When my wife and I started working on our marriage I already knew this was a big deal for her and without her even bringing it up I told her I intended to change that about myself. The very first thing I did was go out and buy a nice legal-pad sized white board and I put it right in the kitchen next to the fridge so she could write on it. So...Good idea! It works! Well, if I left it in the office, it wouldn't work for me since I'm in there late at night, but in the kitchen where I have to see it when I turn the light on and off or open the fridge to get something to eat, can't ignore it or forget about it. Turns out it's not to hard to find the time clean the guest room bathroom after my Mom leaves from visiting, or fixing a faucet or toilet when it starts to leak instead of putting it off for months.

As for finances, I went through many of the same steps you are going through, and this was one of ours as well. My wife really wanted me to get on top of our finances, and it was always like pulling teeth for me, until I really started looking into how much money a credit card interest or Home Owners late payment was impacting us. I discovered I was costing us anywhere from $100-$200 per month depending on how bad I was at following through with the bills. That's up to $2000 a year wasted. If I'd been saving that instead, what a extra-special Christmas or vacation we could have every year. There has also been a couple times I've just ignored things to suddenly find a credit agency send a threatening letter. Not good. Finances were/are incredibly important to my wife as well, and just knowing that she no longer needs to worry about me forgetting to pay the water/utilities bill or that I am wasting money we can spend on something far more important is a huge stress reliever for her. It's just a matter of taking responsibility and deciding to follow through with it for her happiness. It's no harder to do than it is for someone who quits drinking or smoking for their family or health. If they can have the perseverance to break such a bad habit, you can do the same with your finances.

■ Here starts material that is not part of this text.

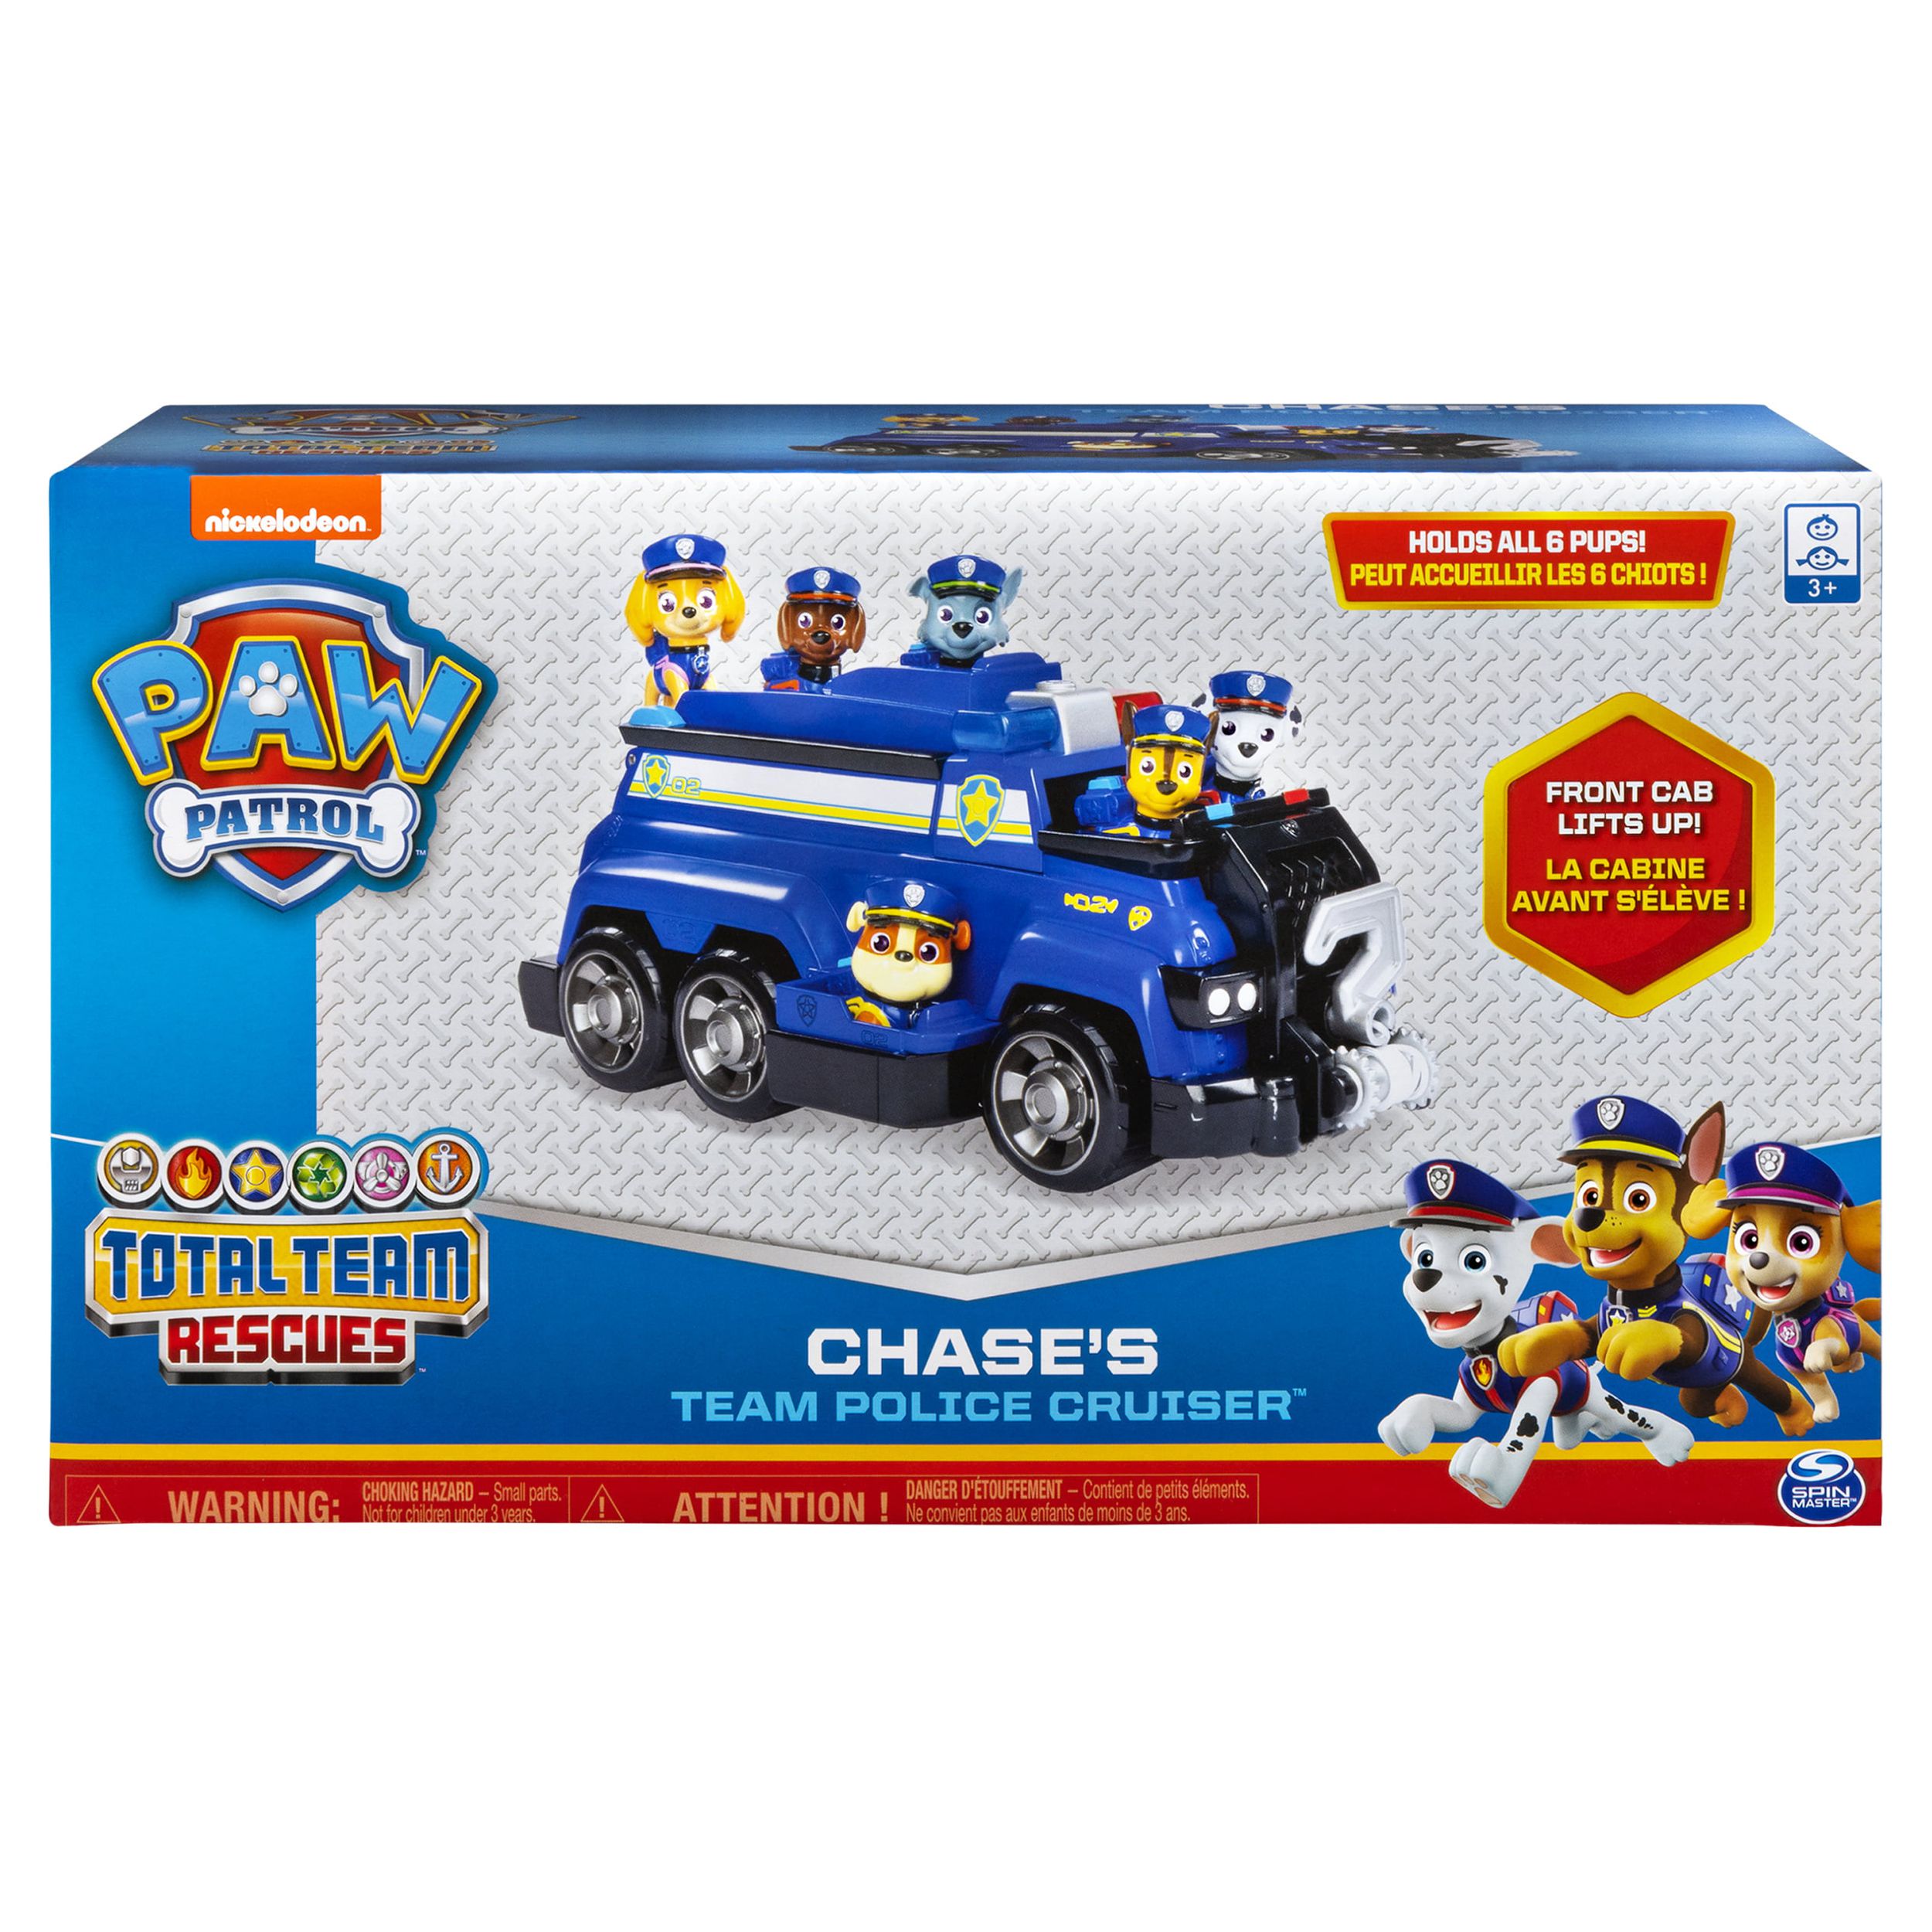 PAW Patrol, Chase’s Total Team Rescue Police Cruiser Vehicle with 6 Pups, for Kids Aged 3 and Up - image 2 of 3

There are three things I did to help me. First, I bought software. Quicken or Money, really they both do the same thing, and it's cool seeing exactly what money goes where with all the graphics and charts. Really helped making something that made me feel like I'd rather go to the dentist, turn into something kind of fun. The second thing I did was sit down and go through all my bills one Sunday and for anything I could set up an auto-draft for, I then called during my lunch break on Monday. Wasn't too bad. One hour of my time ensured I never need to even think about late payments ever again on a bunch of stuff that crept up on me here and there. Also, every single day as I pull out of the driveway, I now swing by the mail and pick it up, and any bills inside that aren't automatic (like credit cards,) I take care of that day during my lunch break (online banking is great!)

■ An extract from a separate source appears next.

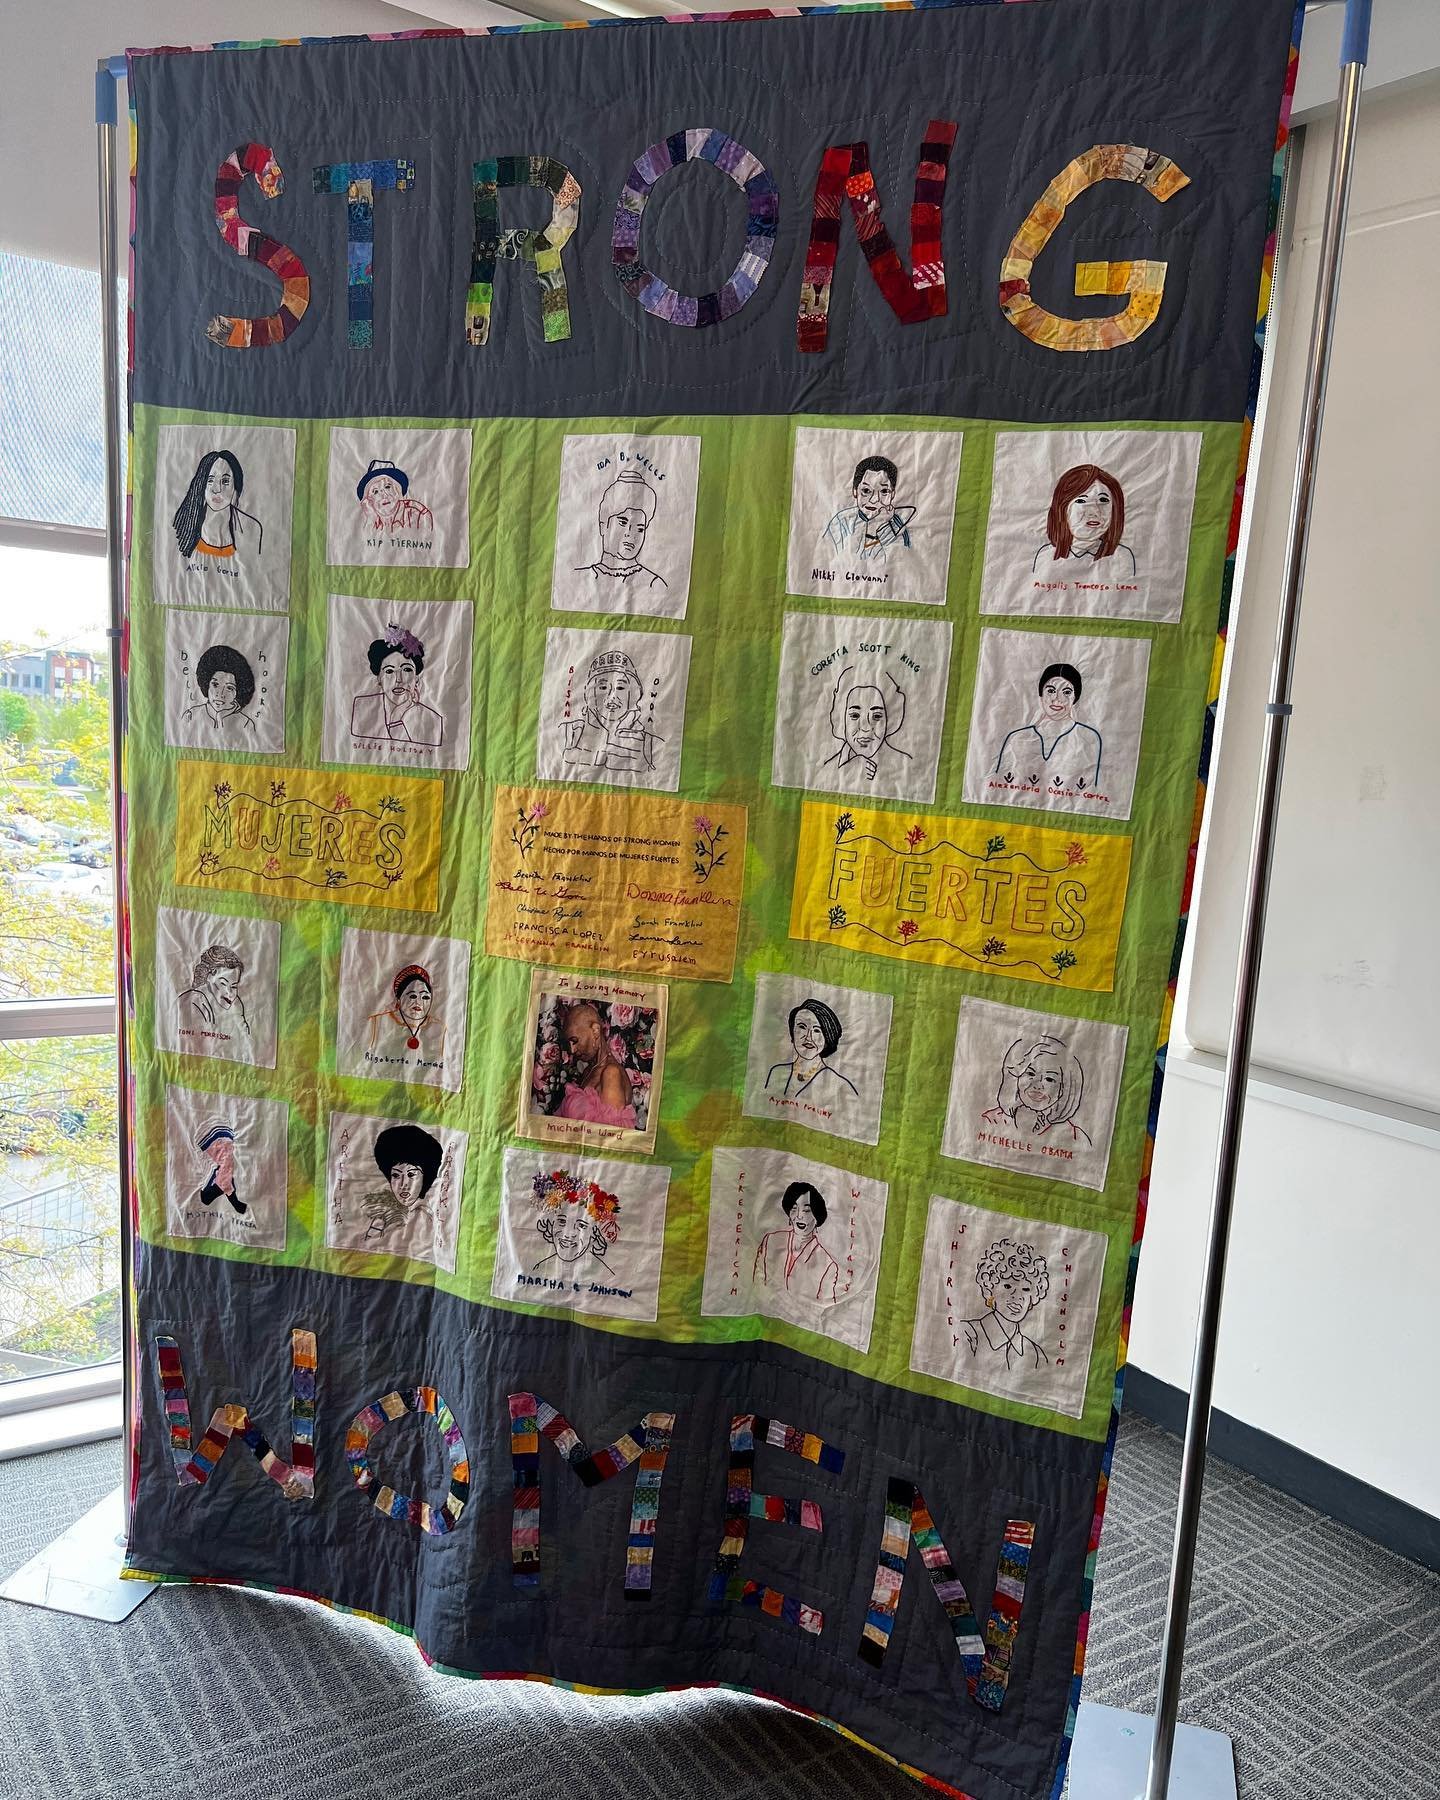 The Crafting Change group got to show our Strong Womenn quilt at Whittier&rsquo;s Mother&rsquo;s Day Brunch today! So fun to finally see it hanging after working on it over the last 6 (!) years. #CraftingChange #CommunityArtTherapy #ArtTherapy #Quilt

The one other thing my wife hated was all the many stacks of bills/recepits on various desks and counter tops and crammed into piles here and there around the office. We already had a shredder, but my wife wants to keep everything as record "just in case." At one time I had tried to address this by scanning our bills, but because I had to do all the stuff like going through Photoshop, saving, organizing, etc, made it tedious and it didn't last a month. But after researching a bit I picked up the NeatReceipts scanner/software package, kind of expensive at $200, but I payed it off in two months by not having late payments anymore and my wife is SO HAPPY it's well worth it. The scanner is small, thin, much faster than my flatbed, and I just feed in the bills into it once a week and the software automatically organizes and files them on my computer allowing me to shred the bills. The desks and corners of the office are now much cleaner and my wife is much happier.